STATION 17: THE TEMPORAL NATURE OF SUFFERING

Through Gautama Buddha, 500 years before Jesus, we find all of life consisted of suffering. Whether you are currently thinking you are experiencing pleasure or your actually currently experiencing pain, all of life is suffering. Even the tiniest pleasure you know will be followed by greater suffering.

This is not the Christian message. The Christian message is actually the opposite. Even though you may currently be suffering, just around the corner there is healing, there is blessing. God causes all things to work together for good for those who love Him and are called according to His purpose.

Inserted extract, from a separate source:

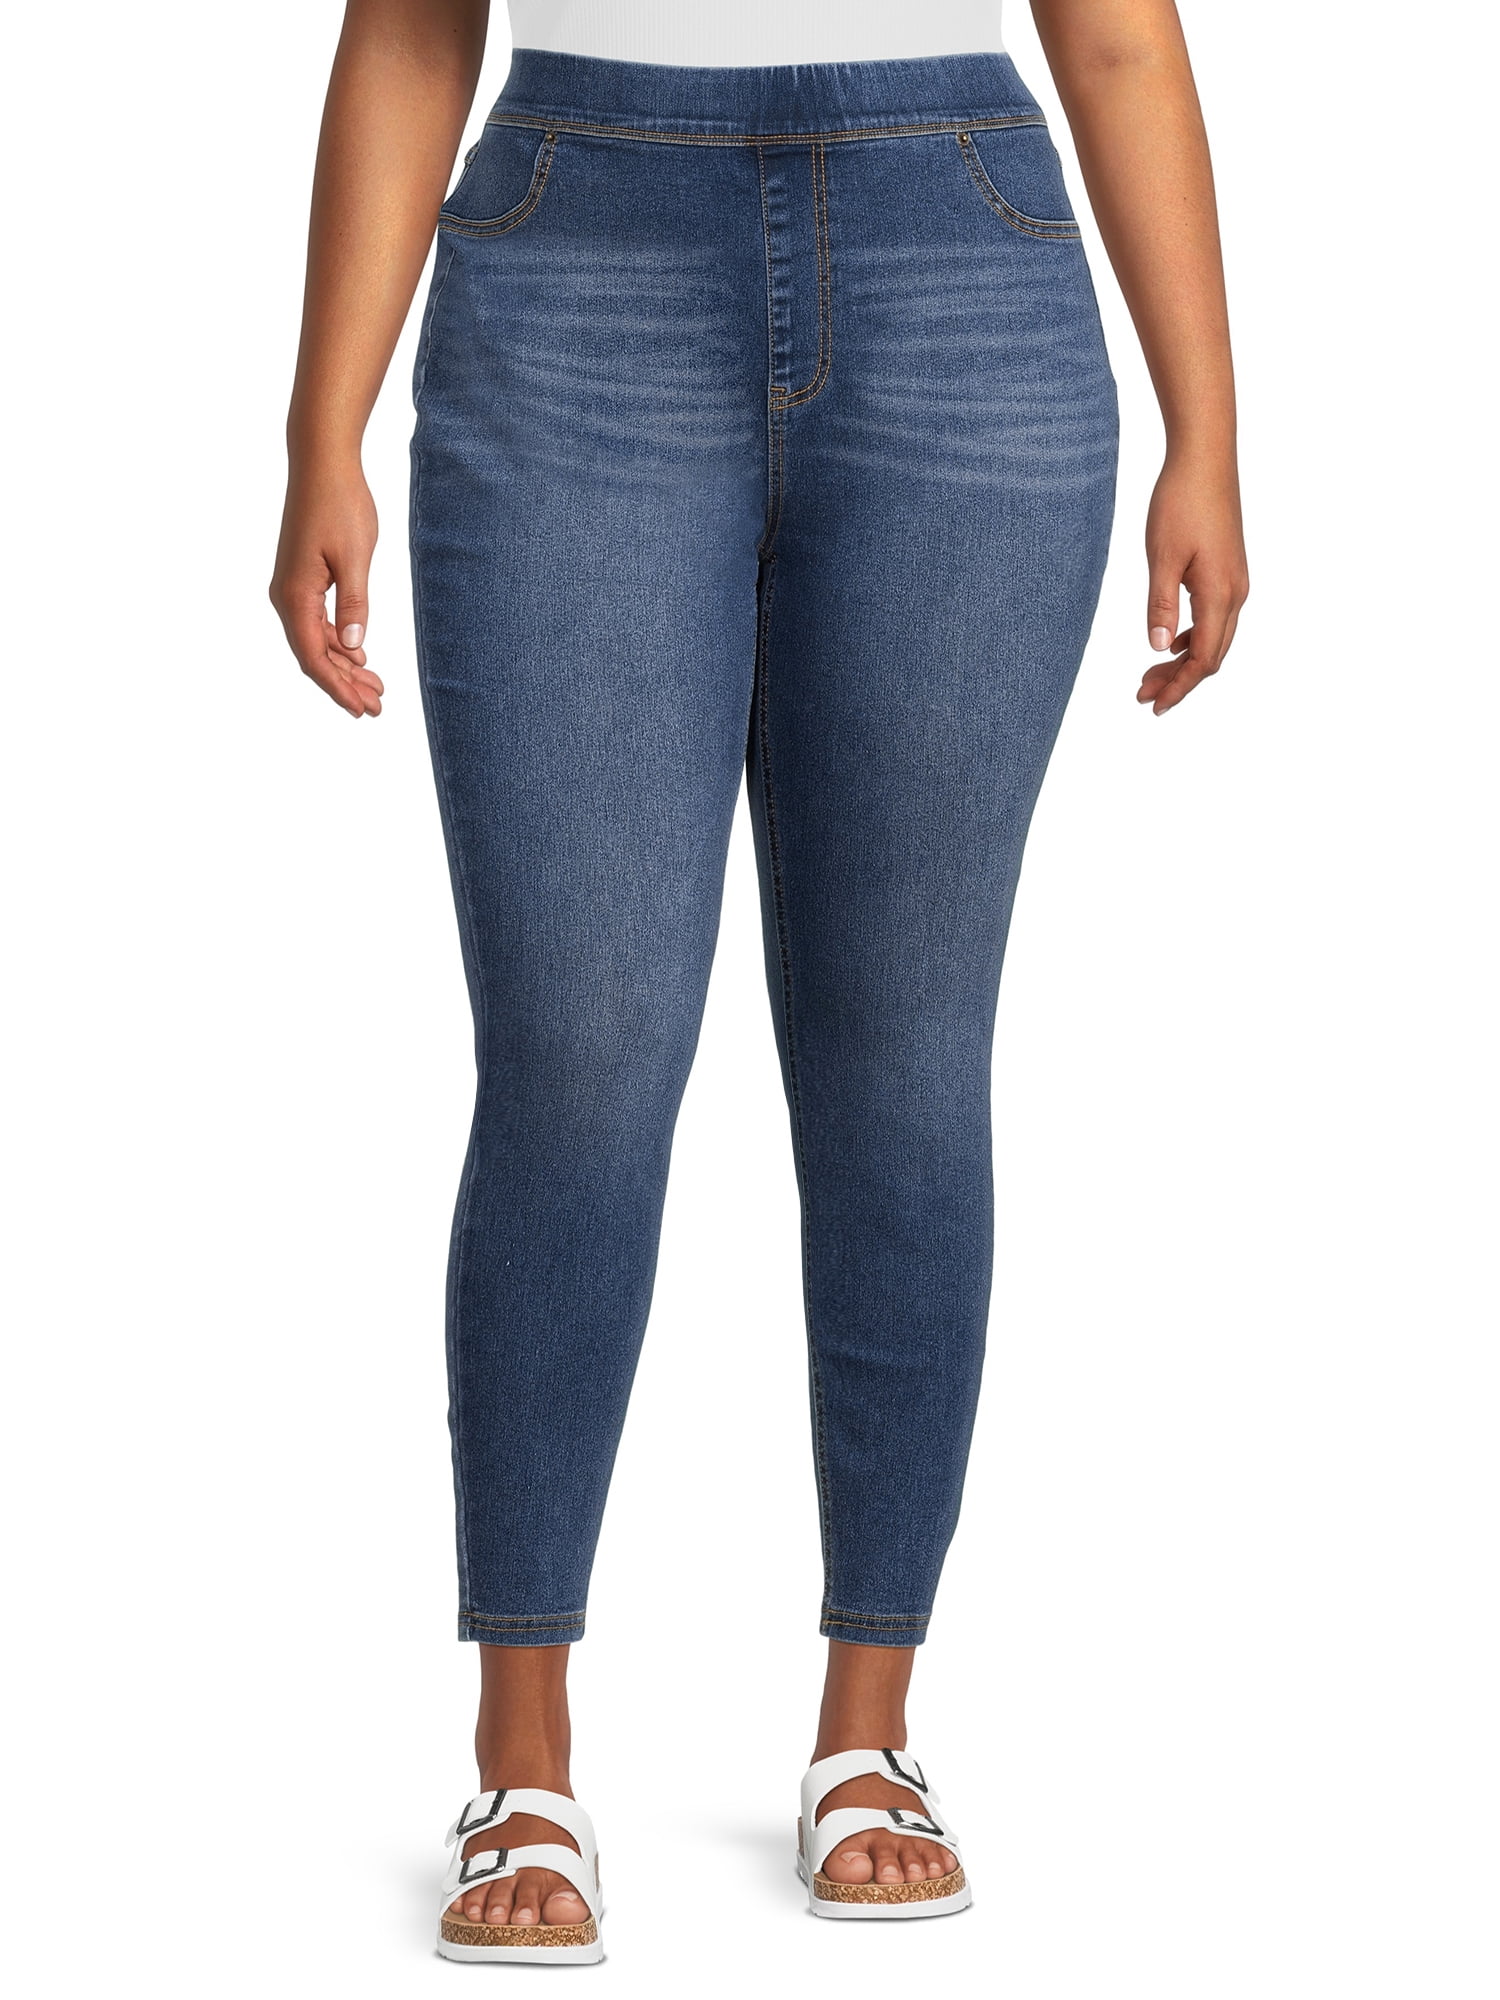 Lull værtinde dedikation Terra & Sky Women's Plus Size Jegging Jeans, 28" Inseam - Walmart.com

Sometimes we don't see it that way. In fact, usually we don't. Sometimes our suffering and pain are immense. Sometimes they become more then we can bare, and we eliminate the pain through mind numbing drugs, or ultimately, suicide. Sometimes things can hurt so much, that we simply cannot bare them. The Cross of Christ has something to say to that--suffering does not last forever.

Jesus was a prophet. He was a priest; He was a king; He was a healer; He was the lover of mankind. And with all of His goodness and all of His purity and love, He was, as we have said so many times before, rejected by the people and strung upon the Cross.

He was beaten. He was whipped. He was made to bleed. He hung upon the torture rack of a crucifix with huge spikes through His hands and His feet. This was, most assuredly, not a pleasant experience. The Biblical record is that He hung upon that cross for approximately three hours, but the Biblical record is, also, that He did not stay there. No, He died, was placed into the ground and was resurrected. He has spent the rest of these two thousand years dwelling at the right hand of God, living in a celestial kingdom of infinite peace, bliss and love, having ascended to the highest realms of Heaven.

Now one of the things that the Cross is trying to teach us is that suffering, no matter how bad it is, is not eternal. It is temporal It has a limit to it. This is a very heartening message for us. Even if it comes to the point of death through cancer or some other horrid disease, there is a cessation of suffering. Pain is not eternal. Even, if the patient winds up dying, on the other side, there is healing. There is soothing; there is warmth; there is goodness; there is pleasure.

But, we need not die, usually, in order to experience that. Sometimes the current situations seem to be insurmountable, compounding our pain physically and psychologically. If we dwell upon the Cross, we can see that this suffering is not forever. No, suffering would be. Suffering always leads us into green pastures. Therefore, we can have the strength and the courage to know that the simple axiom, "this too will pass," is, in fact, true. Knowing that it will pass can enable us to have strength and patience to know that we will not be stuck in this forever.

There is something more here--the complete insignificance of suffering and pain in the grand scheme of things. It is through this, that we see most clearly that Gautama Buddha was, in this context, wrong. For you see, taken as a percentage of Jesus' life, that three hours upon the Cross was almost immeasurably small. Taken as a percentage of the eternity which He lives in, those three hours on the Cross cannot even be measured.

God is saying that there is a special country club. This country club is open to all people. This club enables you to dwell in infinite eternal peace, to have all of the powers of Heaven at your disposal to sit at the right hand of God's very throne, to watch the galaxies whirl and dance in the eternal celestial paradise, forever and ever and ever. The price of admission to this country club is that you must be crucified and hang upon the Cross for three hours.

If we had faith that that country club really existed, I don't believe there's a one of us who would not gladly pay that price. So not only is the Cross telling us that your suffering will stop, but the Cross is telling us that, in the grand scheme of things, the suffering and pain which you must go through on this Earth are absolutely minuscule compared to the grand scope of bliss, goodness and pleasure that God has planned for you throughout eternity.

God knows that there is suffering. He knows this very well. But, that suffering will stop, and that suffering ultimately becomes an insignificant meaningless part of your life, a blip, a hiccup in the scheme of eternity.